What to Plant in Your Cocktail Garden
Celery Homegrown stalks may be thinner than beefy, store-bought varieties, which make them perfect as swizzle sticks. Look for the dramatic crimson Redventure.
Black Currant Once banned because of the risk that it would spread white pine blister rust, black currants are back. Ribes nigrum, used to make French cassis, is now available in disease-resistant cultivars; white and pink currants also make beautiful garnishes.
Sloe Also called blackthorn, this large, thorny shrub (Prunus spinosa) bears the fruit used to make sloe gin.
Mojito Mint This spearmint (Mentha x villosa) comes from Cuba and is the perfect mint for mojitos and other rum drinks. If you’re more of a mint julep type, look for Kentucky Colonel, a Southern cultivar.
Mexican Sour Gherkin A close relative of the cucumber, Melothria scabra has a bright, tart flavor that’s a bit bolder than a cucumber—but the flavor isn’t the only reason to grow this one. The fruits are the size of a grape, with a mottled green and white skin, making them a perfect, unusual drink garnish.

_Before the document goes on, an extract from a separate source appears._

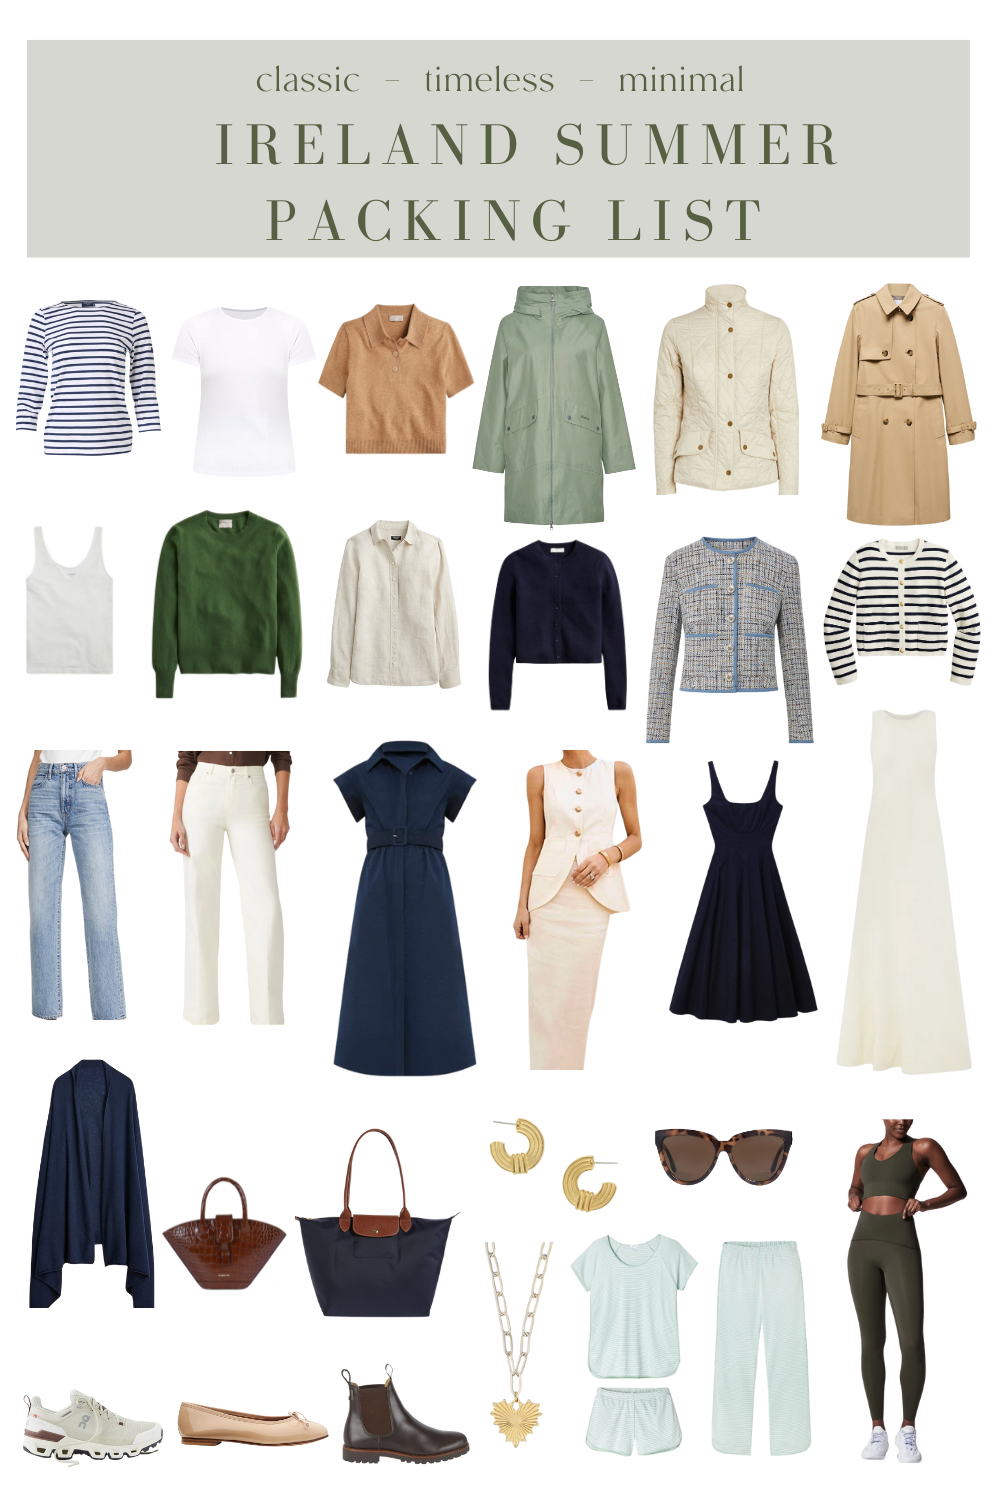 Ireland packing list, Ireland clothes packing, summer packing list for Ireland

You planted a cocktail garden. Can you give us a tour?
I live in the Pacific Northwest, so I have herbs like basil, cilantro, rosemary, sage, thyme and mint varieties, and vegetables [like] peppers and Redventure celery. For fruits, I grow tomatoes, raspberries and blueberries, and I also have black currants, which are the berries used to make cassis in France. I have Cuban mojito mint that got into the nursery trade in the United States because Canadian tourists were plucking sprigs of mint out of their drinks in Havana and sticking them in their suitcase. I also plant [a] wonderful Southern spearmint called Kentucky Colonel that’s the ultimate mint julep mint. Then I have sloes—hedgerow plants in Europe and the UK. The berries are too tart to eat fresh but they go into homemade “hedgerow wines,” and, of course, to make sloe gin, which is the most fantastic thing in the world. I found just one nursery in the Northwest that sells them, and they offer exactly 20 plants a year.
Now that’s exclusive!
Well, demand is not that great. I’m going to make it my mission in life to make sure that more people grow sloes.
What’s your favorite cocktail that comes right out of your garden?
The Mamani Gin & Tonic (as pictured above), which is named after the guy who gave his life to bringing quinine bark to the Western world. It’s a very gardeny gin and tonic, with jalapeño, cilantro, cucumber and cherry tomatoes.
It sounds like researching this book had its upsides.
Yes, I got lots of volunteers! [When] I wrote my last book, Wicked Bugs, no one volunteer[ed] to help.
What’s your top tip for craft cocktail gardeners?
Grow what you drink. Don’t bother with ingredients for drinks you don’t like.
And for farmers?
People are really looking for authentic ingredients—things like sweet-pit apricots for amaretto and dark, sour Italian cherries for real maraschino cherries. Also, distillers might be looking to buy the parts of your harvest that aren’t marketable for whatever reason but can be made into booze. A lot of alcoholic drinks, like apple cider, got started as a way to use up the surplus crop.
Did writing this book change the way you drink?
I have no patience for cheap ingredients or synthetic substitutes. I will just not order a drink if I can’t get something good.